Aldeyra Therapeutics Inc ALDX reported topline results from the Phase 3 INVIGORATE-2 trial of 0.25% reproxalap ophthalmic solution, an investigational new drug, in patients with allergic conjunctivitis.
The trial achieved statistical significance for the primary endpoint and all secondary endpoints.
Also Read: Aldeyra Highlights 12-Month Safety Data Of Reproxalap In Dry Eye Disease Patients.
Relative to patients treated with vehicle, patients treated with reproxalap reported statistically significant ocular itching score reduction across all 11 prespecified primary endpoint comparisons from 110 to 210 minutes in the allergen chamber.

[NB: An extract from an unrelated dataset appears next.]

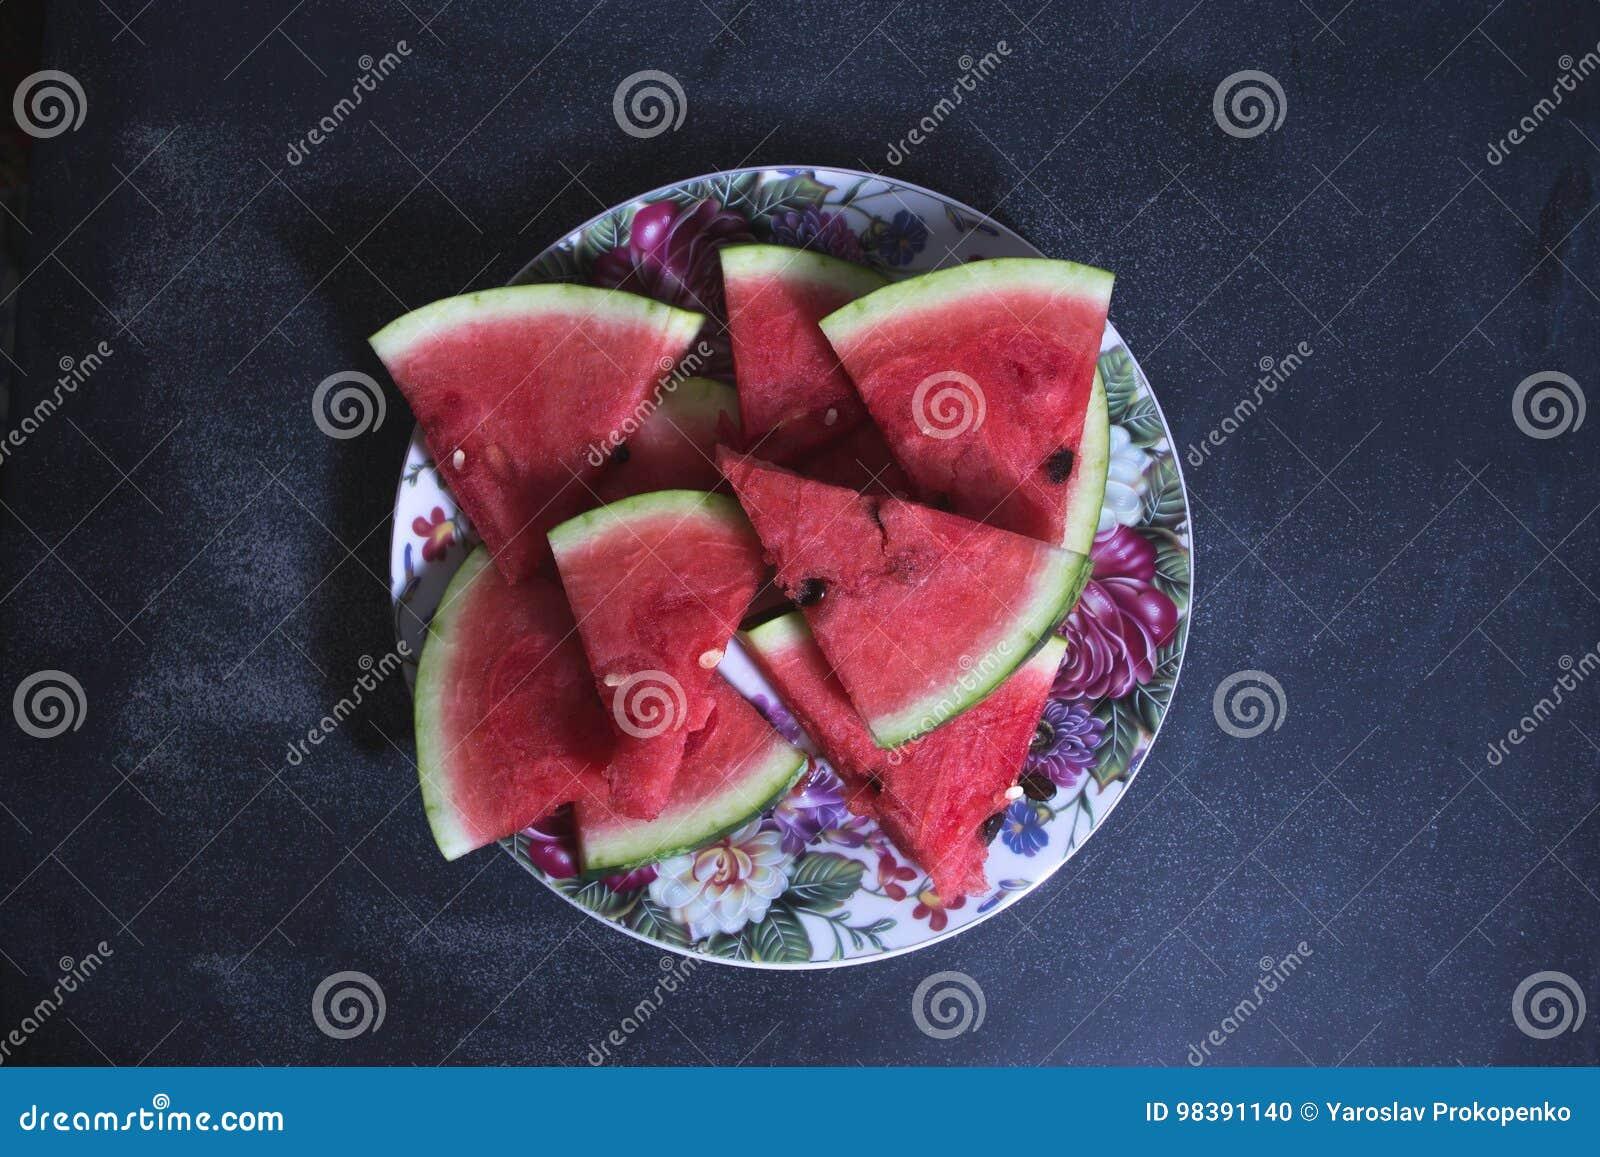 Sliced slices of watermelon on a dark background.

The reproxalap-treated patients demonstrated statistically significant reduction from baseline compared to a vehicle for the key secondary endpoint of investigator-assessed ocular redness over the duration of the allergen chamber.
Statistical significance was also achieved for the two secondary endpoints of change from baseline in patient-reported ocular tearing score on a 0‑3 point scale over the duration of the allergen chamber and change from baseline in total ocular severity score over the duration of the allergen chamber.
A New Drug Application of reproxalap for dry eye disease is under FDA review with a PDUFA date of November 23.
Price Action: ALDX shares are up 11% at $11.60 on the last check Thursday.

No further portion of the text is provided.